# HI! Im planning a long sailing! lend advice!



## worldadventure09 (Sep 20, 2008)

Hello, My name is Robert, I am currently a MBA student at radford university and upon graduation I am planning on buying a boat and sailing around the world. I am not planing on rushing to circumnavigate the word. I really want to see the world and experience different cultures. If you think you would be interested in lending a hand and following my planing/ preparing and trip check out my blog WORLD SAILING ADVENTURE and please leave some comments with advice/ suggestions.


----------



## worldadventure09 (Sep 20, 2008)

havent really gotten any feedback.. advice would be greatly appreciated please leave comments on my site


----------



## darkseer (Sep 20, 2008)

The question is kind of broad. This kind of journy is a multi year commitment usually. The best advice I can give is choose the proper vessel and find crew that commit the same amount of time. If you are doing blue water yourself make sure the mast is stepped to the keel, you have a sattelite emergency beakon, and register your long legs with the local athorities.


----------



## TSOJOURNER (Dec 16, 1999)

worldadventure09 said:


> Hello, My name is Robert, I am currently a MBA student at radford university and upon graduation I am planning on buying a boat and sailing around the world. I am not planing on rushing to circumnavigate the word. I really want to see the world and experience different cultures. If you think you would be interested in lending a hand and following my planing/ preparing and trip check out my blog WORLD SAILING ADVENTURE and please leave some comments with advice/ suggestions.
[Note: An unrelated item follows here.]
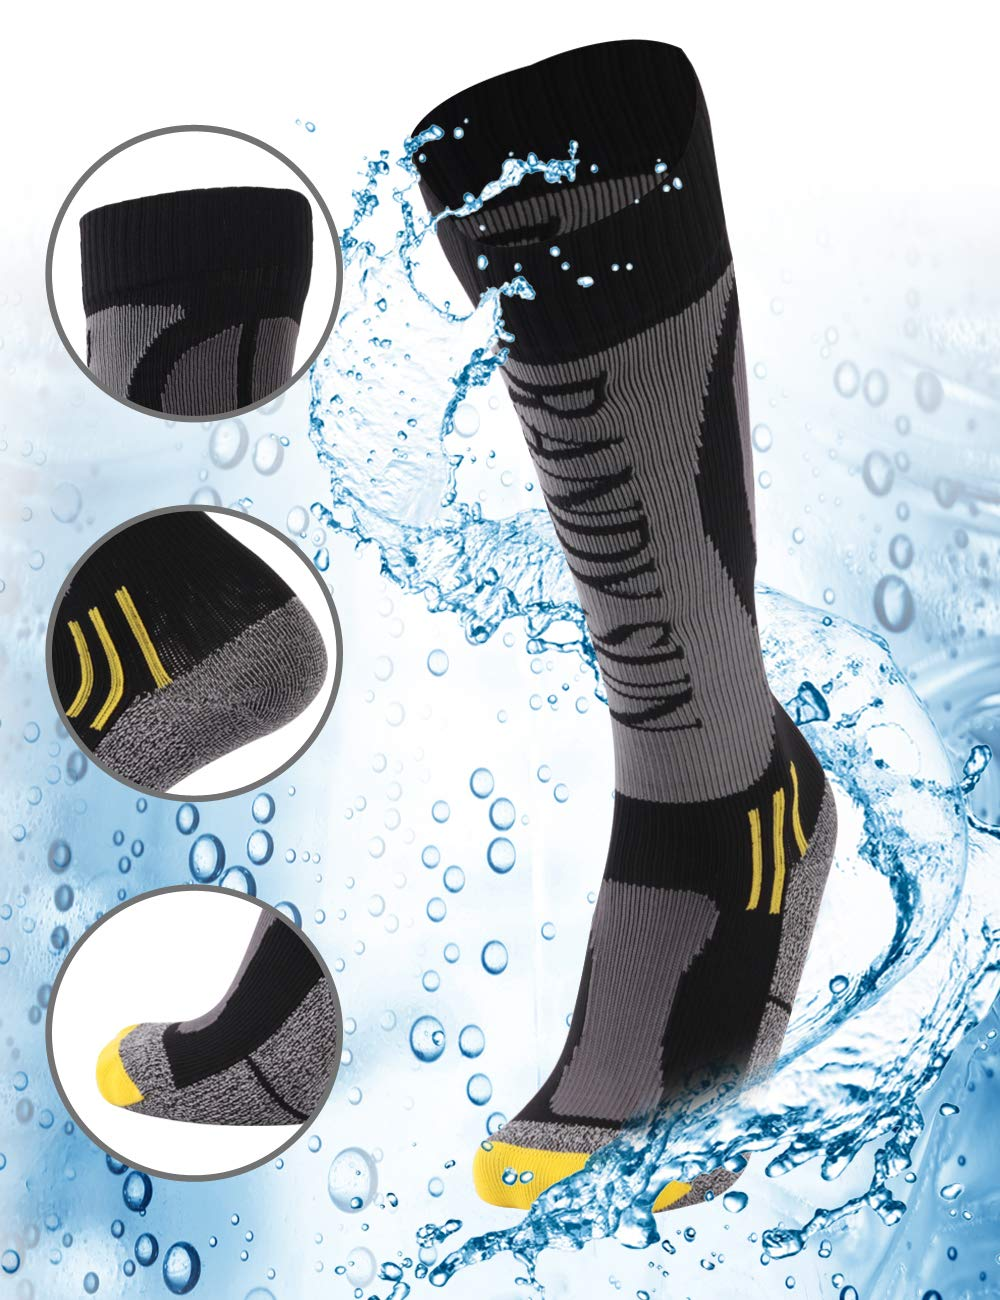 100% Waterproof Hiking Socks, Rain Socks, [SGS Certified]RANDY SUN Men's Cold-weather Comfort Socks Grey&Black Medium by RANDY SUN
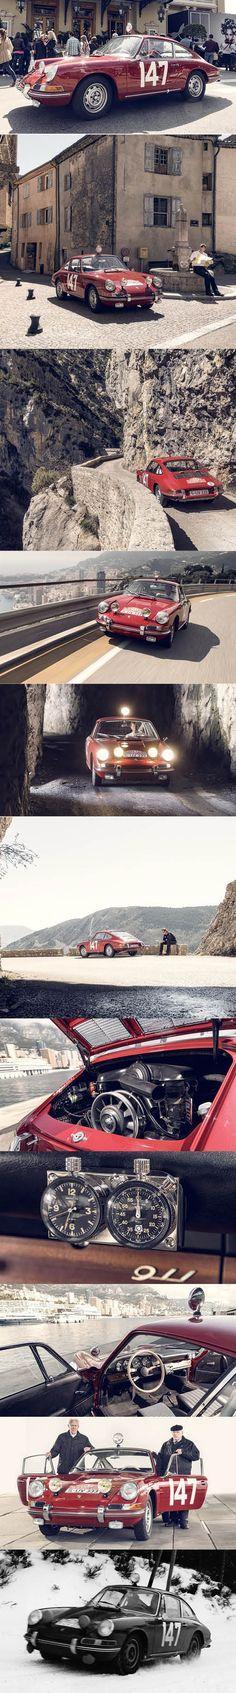 1965 Porsche 911 S / Germany / winner Rally Monte Carlo / red / restored by Porsche Classic

It does not seem from your blog that you have an extensive bluewater experience needed for a trip of such magnitude. Neither do I, btw, but the difference between me and you is that I am not planning on committing suicide just yet...


----------



## Stillraining (Jan 11, 2008)

09

I am not a nay-sayer just a pragmatic...your time line is whacked...you will more then likely spend 9 months finding just the right boat you want let alone prepping it for your adventure...Give yourself another year to put this thing togather so you and that frisky looking gal of your can learn to sail this said boat on some intensive shorter offshore passages to gain both experiance for yourself and experiance with the boat..

You'll get more interest in helping you out and less bashing for some half cocked idea to go kill yourself like above.

FWIW..We see a lot of this type of exuberance around here..which is good but few if any suceed with the experiance and time line your setting out for.

There is a wealth of knowledge here..If your not getting any then your not asking the right questions...catch my drift?...


----------



## chall03 (Oct 14, 2002)

*Chase your dream, but understand what is involved here...*

Hi Man,

Had a read of your blog and firstly if world cruising is what you guys want to do then do it, there will be and will always be a whole cast of people that will give you reasons not to do it.... because there are and will always be a whole bunch more sensible, more acceptable things to do with your life than circumnavigate the planet at walking pace in a small boat. But that my friend is why they call it an adventure 

Having said that and assuming you and your girlfriend are serious about this and its not just a nice little idea, realise that you need to develop a realistic plan in terms of gaining experience and knowledge, outfitting a suitable vessel, and last and certainly not least paying for the whole affair.....

I had a similar idea to you 6 years ago and im still getting ready, it may take you less time sure, but like anything worth doing realise its going to take a bunch of work and commitment.

For both inspiration and also for his practical advice, I would recommend the books "By way of the Wind' by Jim Moore and also its sequel 'Swan'. It is essentially the story of a guy who knew nothing about sailing coming home from work one day and announcing to his wife that he was going to build a boat and sail them around the world. If Jim had been on Sailnet at that point in time he would of gotten a bigger slamming on here than you!! However an infinitely practical fellow he did indeed build a boat, learn't what needed to be learn't about sailing and embarked on a successful circumnavigation. In turn he became a very experienced sailor, and has alot of good advice in his books for those looking to follow in his footsteps.

There are countless other tales out there that are similar about unlikely characters successfully doing what you want to do....often after being told that they couldn't or shouldn't. Read them all, read everything you can get your hands on, work out what works and what doesn't.

In terms of boats, you mentioned a Beneteau 42 in your blog, I would think long and hard about getting too interested in big pretty Beneteau's for what you want to do....I won't get into it here because there is ample discussion on this forum already, once again read it all and be informed.

Good luck. hope to see you out there one day, If i do the first beer is on me.


----------



## JohnRPollard (Mar 26, 2007)

Hey Robert and Roxy,

I'm always exited to hear young people dreaming about setting off on sailing adventures. It's a great way to see the world, or even part of it!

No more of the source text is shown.